• Kyodo


Emperor Naruhito expressed his hope for a bright future for children in his poem recited Thursday at the first New Year’s Poetry Reading Ceremony held since he ascended to the chrysanthemum throne last year.

The theme of this year’s waka poems was nozomi (hope).

Empress Masako, who has been suffering from a stress-induced illness, attended the traditional ceremony for the first time since 2003, while Crown Prince Akishino and his wife, Crown Princess Kiko, were also among the attendees.

In his poem, the emperor described his feelings after visits to schools over the past year, including Azabu Kindergarten in Tokyo in June and Gakushuin Girls’ Senior High School, where their daughter Princess Aiko studies, in November.
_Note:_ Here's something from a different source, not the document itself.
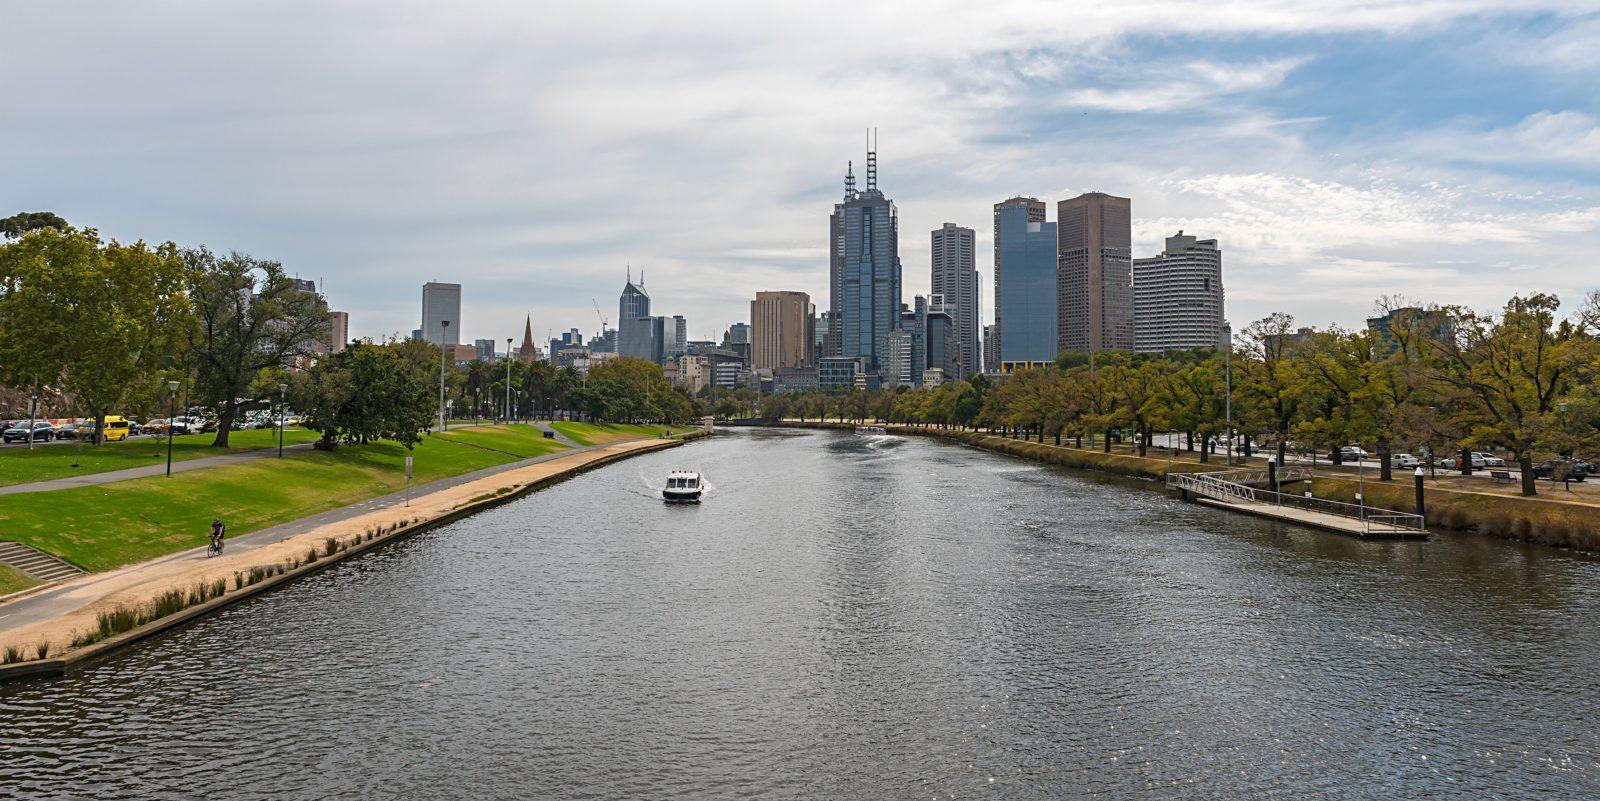 Melbourne's Yarra

The official translation of the emperor’s poem, provided by the Imperial Household Agency, is as follows:

When I hear the cheerful voices of children

Resounding through their classrooms

I hope from the bottom of my heart

They have a bright and beautiful future.

In her poem, the 56-year-old empress described her sadness at the damage caused by natural disasters in the country but also how she has been encouraged to see young people helping out with recovery efforts.

The imperial couple visited the city of Asakura in Fukuoka Prefecture in 2018 after it was devastated by torrential rain in the previous year.

In December last year, the two also visited Marumori, Miyagi Prefecture, and Motomiya, Fukushima Prefecture, which were hit hard by powerful Typhoon Hagibis in October.

The official translation of the empress’ poem is as follows:

The power of youth

Brings hope

To those who strive

To rise up from the calamity they suffer.

The imperial couple’s poems as well as works composed by other members of the imperial family, and 10 pieces chosen from more than 15,000 entries from the public, were recited in the traditional style at the reading.

Waka poetry was developed by the court aristocracy in the sixth century, and tanka poems, which are typically synonymous with waka, consist of 31 syllables in a 5-7-5-7-7 pattern.

The theme for next year’s New Year’s poetry reading is based around the Chinese character jitsu, the agency said.